2. BayPass_input.geno: BayPass input file in geno format for all 28 populations.
3. BayPass_nativevsAliceSprings.ecotype: BayPass ecotype file for contrasting native populations vs. Alice Springs.
4. BayPass_nativevsExpanded.ecotype: BayPass ecotype file for contrasting native populations vs. southern expanded populations.
5. BayPass_nativevsPacificIslands.ecotype: BayPass ecotype file for contrasting native populations vs. Tahiti and Loyalty islands.
6. BayPass_nativevsPooled.ecotype: BayPass ecotype file for contrasting native populations vs. all invasive populations.

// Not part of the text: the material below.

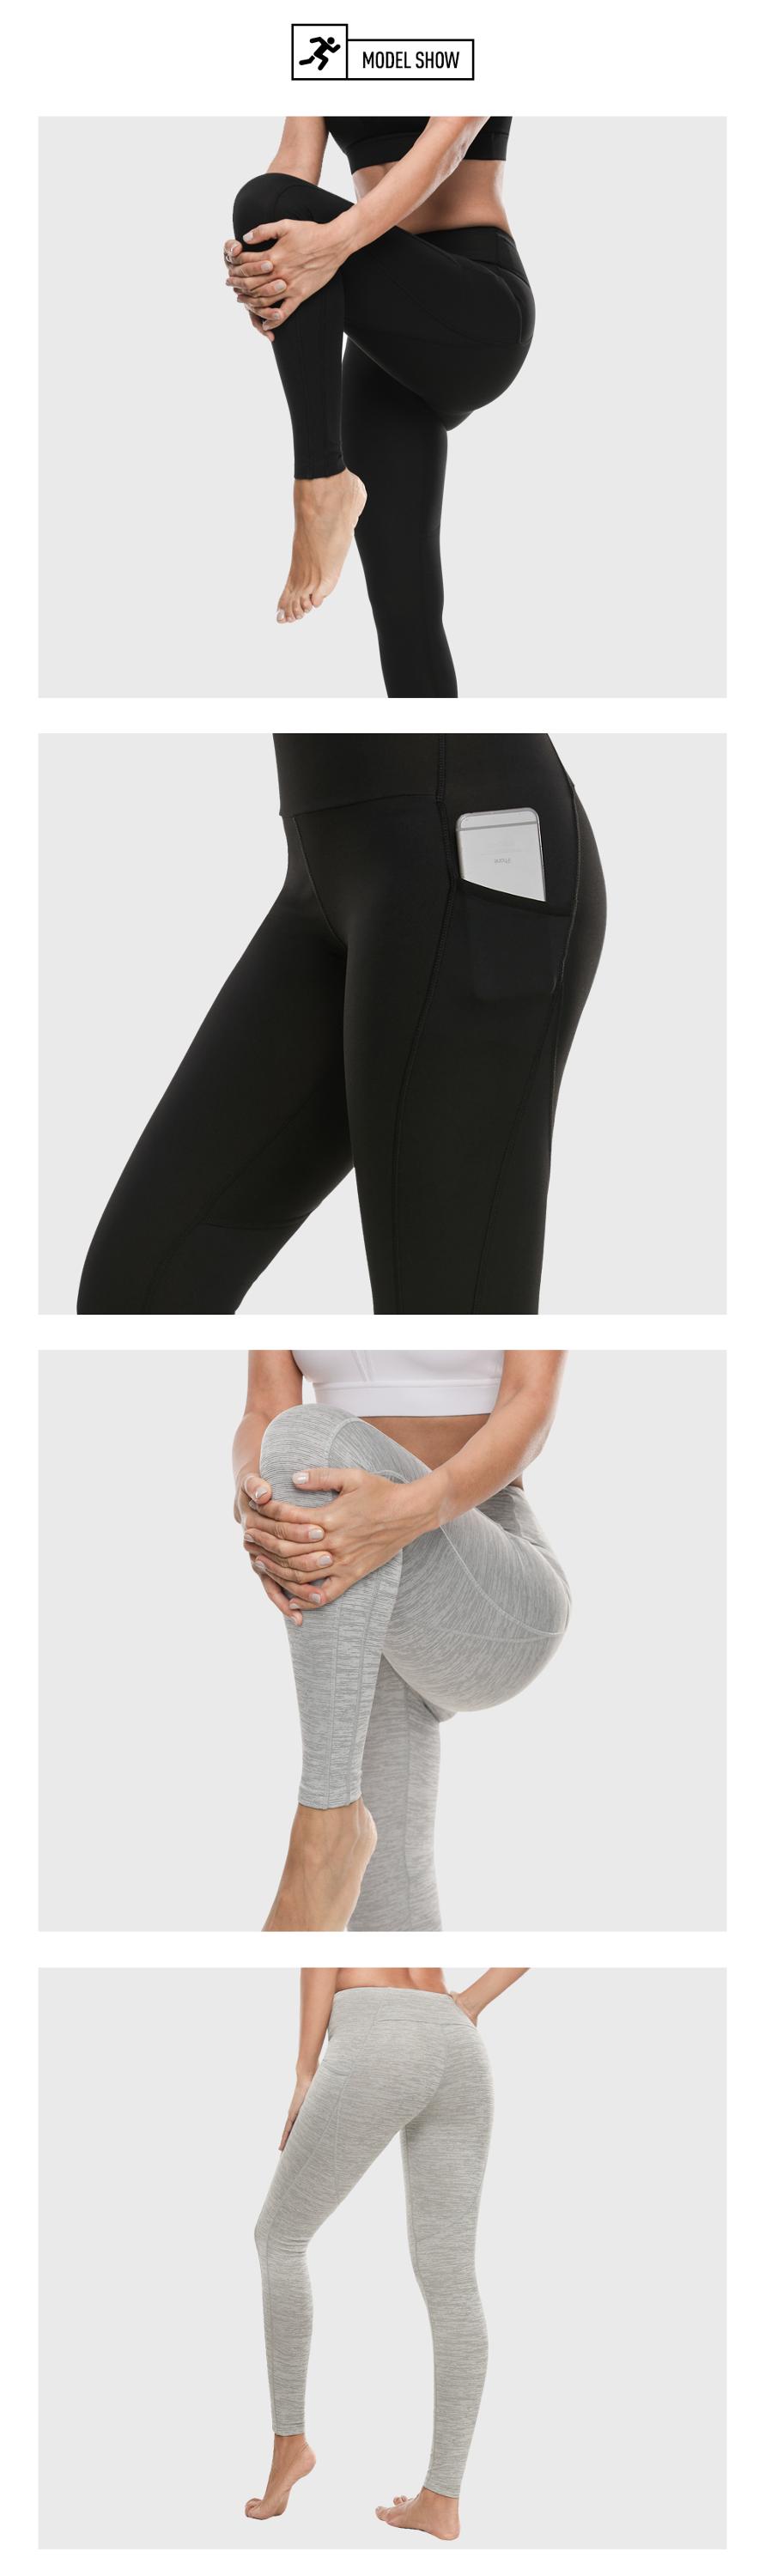 2019 wholesale high-waisted fitness black women's leggings

7. bialSNP_MAF05_geno_LDdecayInput.vcf: VCF containing SNPs filtered for biallelic markers with minimum allele frequency (MAF) of 0.05 and missing data but not for linkage disequilibrium (LD). This VCF was used for LD decay analysis.
8. conStruct_coordinates_latlon.txt: Coordinates of 301 samples in latitude and longitude format used in the conStruct analysis.

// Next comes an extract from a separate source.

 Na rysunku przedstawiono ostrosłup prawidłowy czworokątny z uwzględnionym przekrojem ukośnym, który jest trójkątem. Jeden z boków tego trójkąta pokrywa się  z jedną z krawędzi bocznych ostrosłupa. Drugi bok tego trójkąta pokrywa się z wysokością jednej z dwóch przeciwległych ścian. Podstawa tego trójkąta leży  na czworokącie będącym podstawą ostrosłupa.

9. conStruct_distances.txt: Matrix of pairwise geographic distances between each individual used in the conStruct analysis.

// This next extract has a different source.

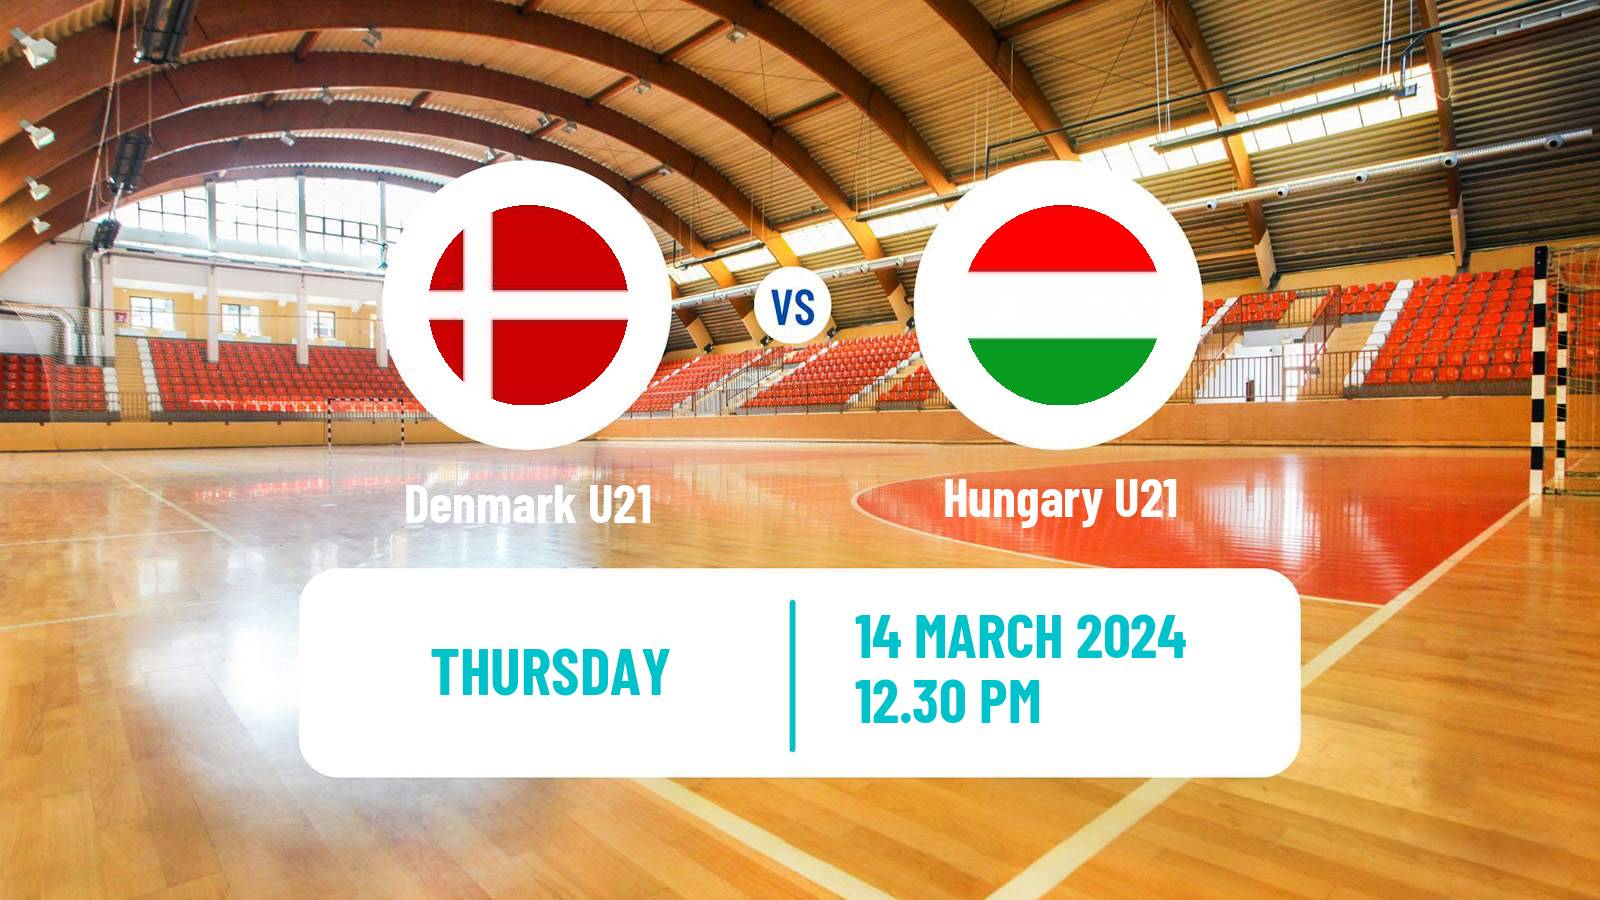 Handball Friendly International Handball Denmark U21 - Hungary U21

10. conStruct_input: Matrix of allele frequencies created using the structure2conStruct function of the R package conStruct.
11. EEMS.coord: Coordinates of 301 samples used in EEMS analysis.
12. EEMS.diffs: Genetic dissimilarity matrix created using the bed2diffs_v1 R function, used as the input file for EEMS analysis.
13. EEMS.outer: Enclosed habitat polygon created using the Google Maps API v3 tool, used for EEMS analysis.
14. EEMS_params_chain1.ini: Parameters for the EEMS analysis.
15. FinalFiltered_301samples.vcf: Final VCF containing SNPs filtered for biallelic markers, MAF, missing data, and LD.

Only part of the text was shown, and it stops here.